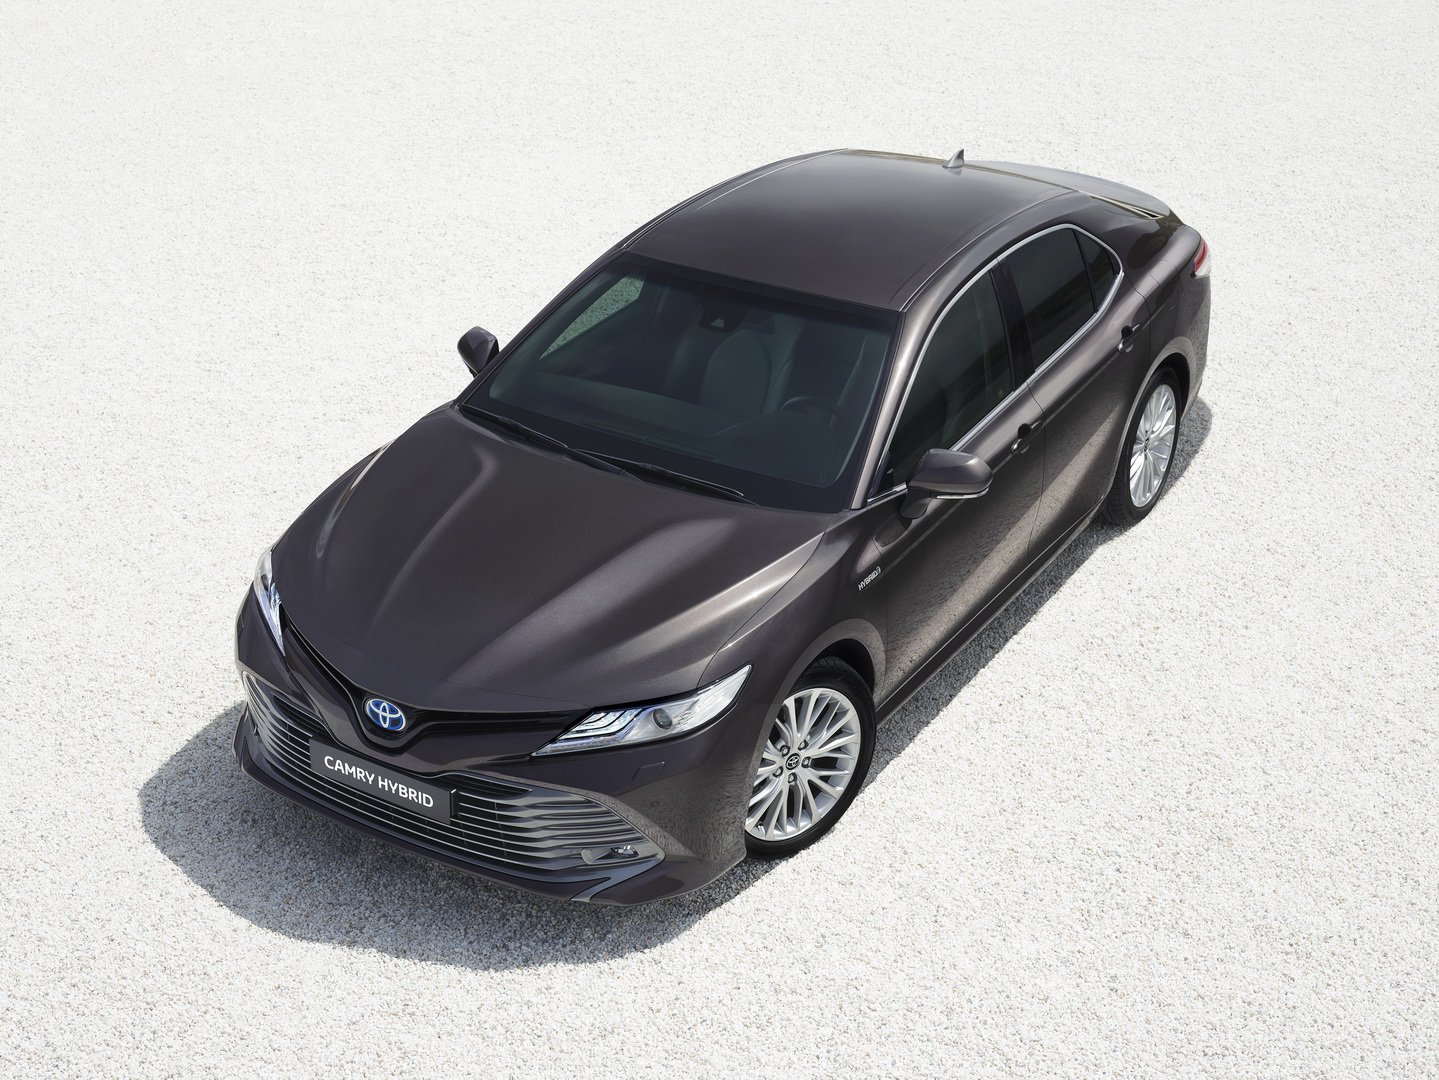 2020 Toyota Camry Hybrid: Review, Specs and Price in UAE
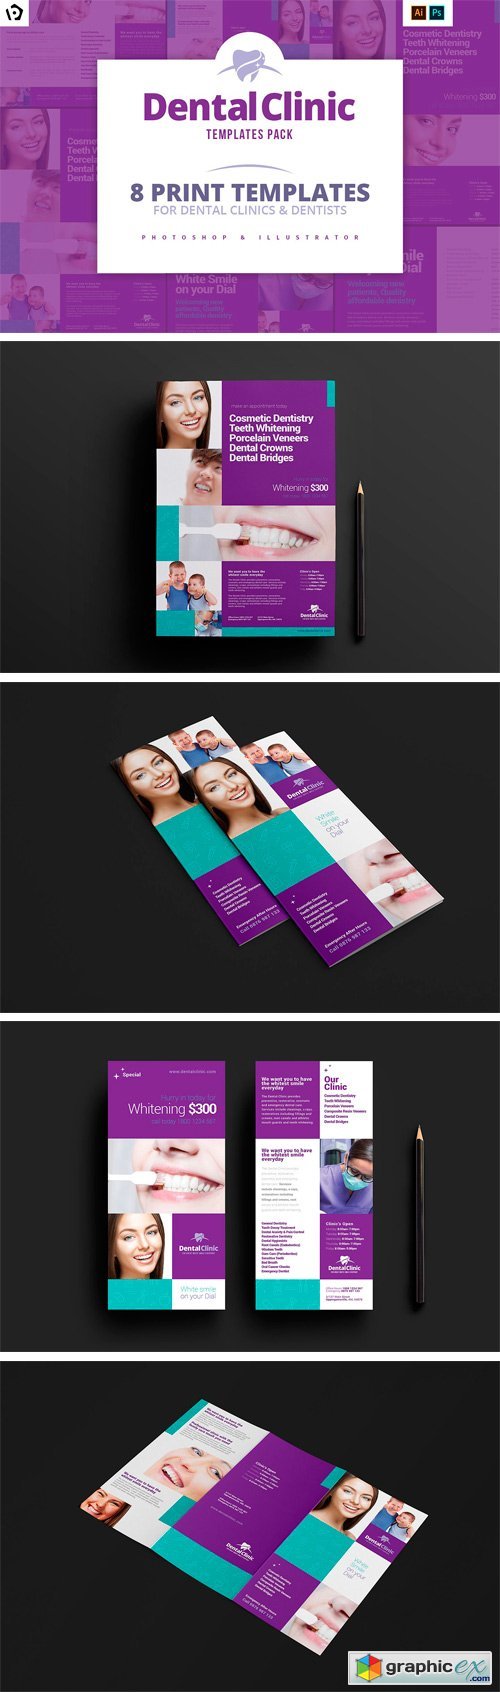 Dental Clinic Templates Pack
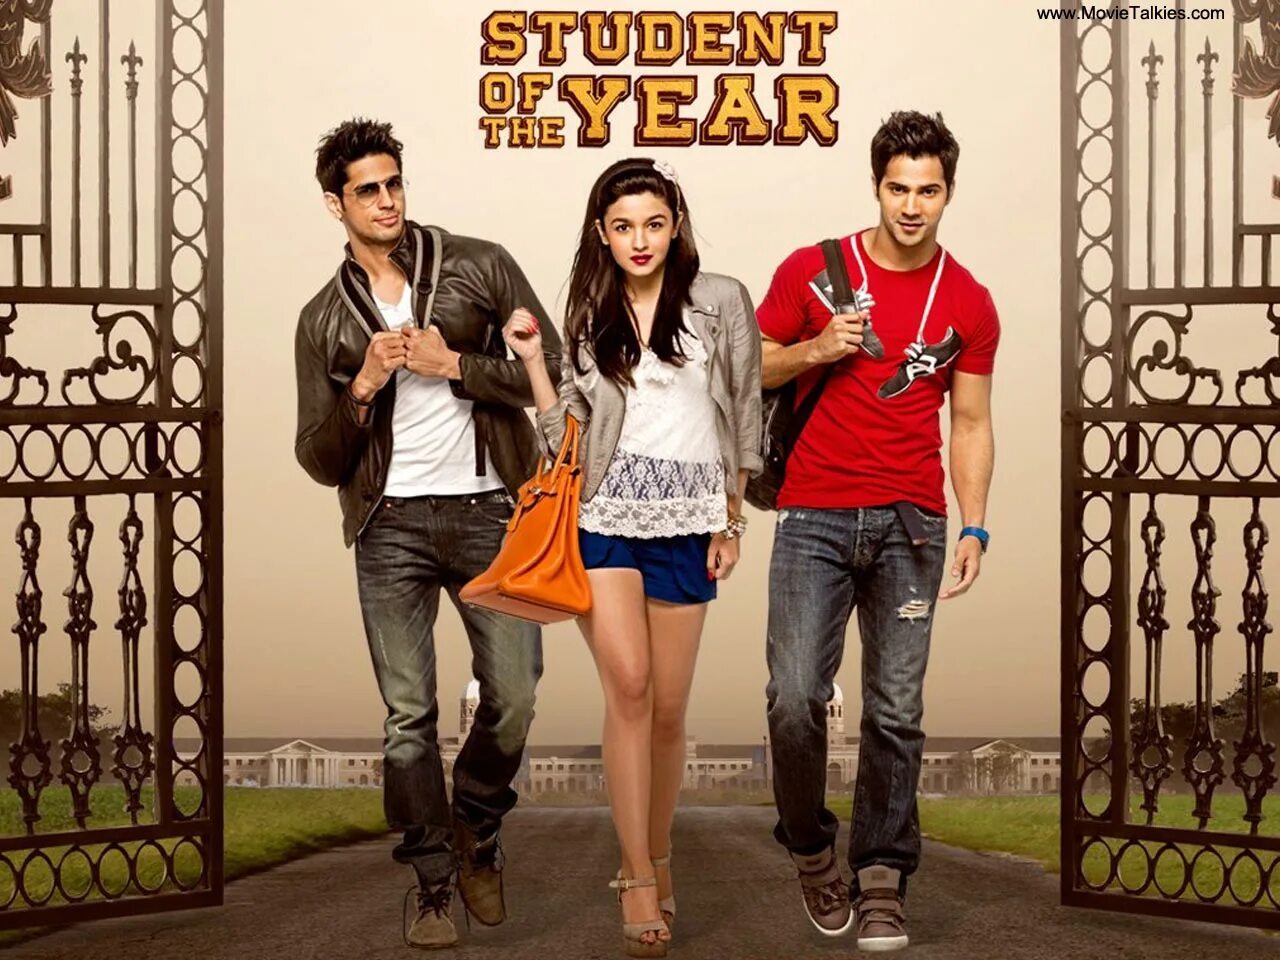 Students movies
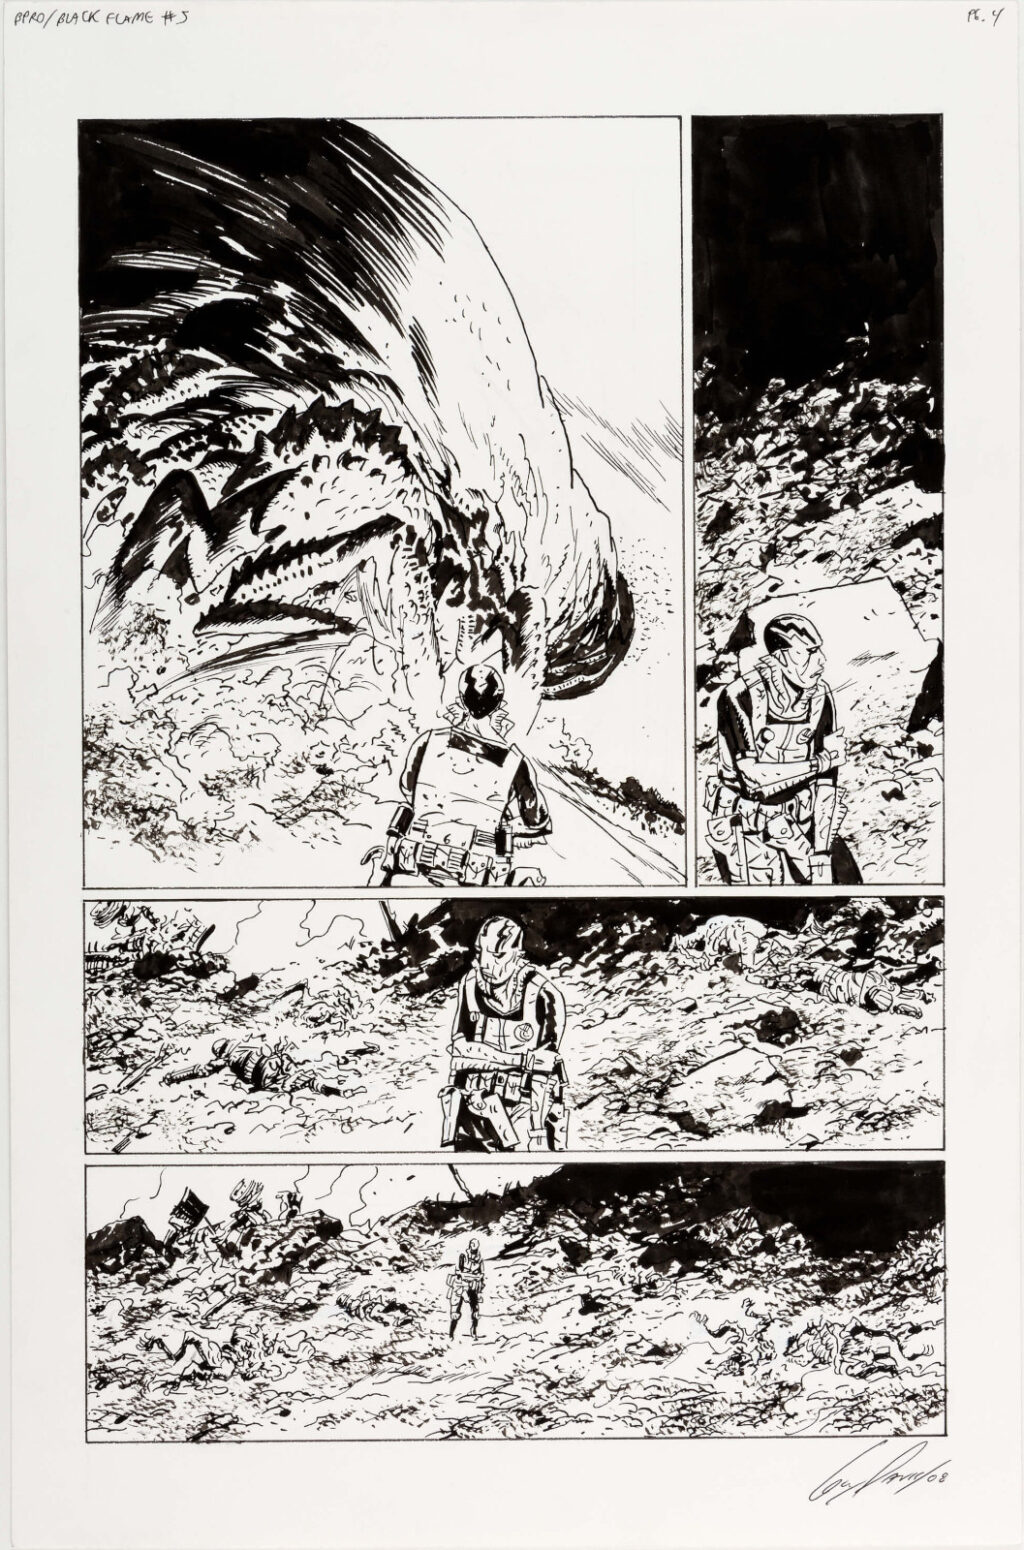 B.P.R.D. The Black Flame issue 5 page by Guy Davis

• [About this task]: Exact reproduction is required. Output only the lines from the one with "Students movies" through the end of the listing above, both ends included, and no pictures.

• [Task solution]:
 Students movies
 B.P.R.D. The Black Flame issue 5 page by Guy Davis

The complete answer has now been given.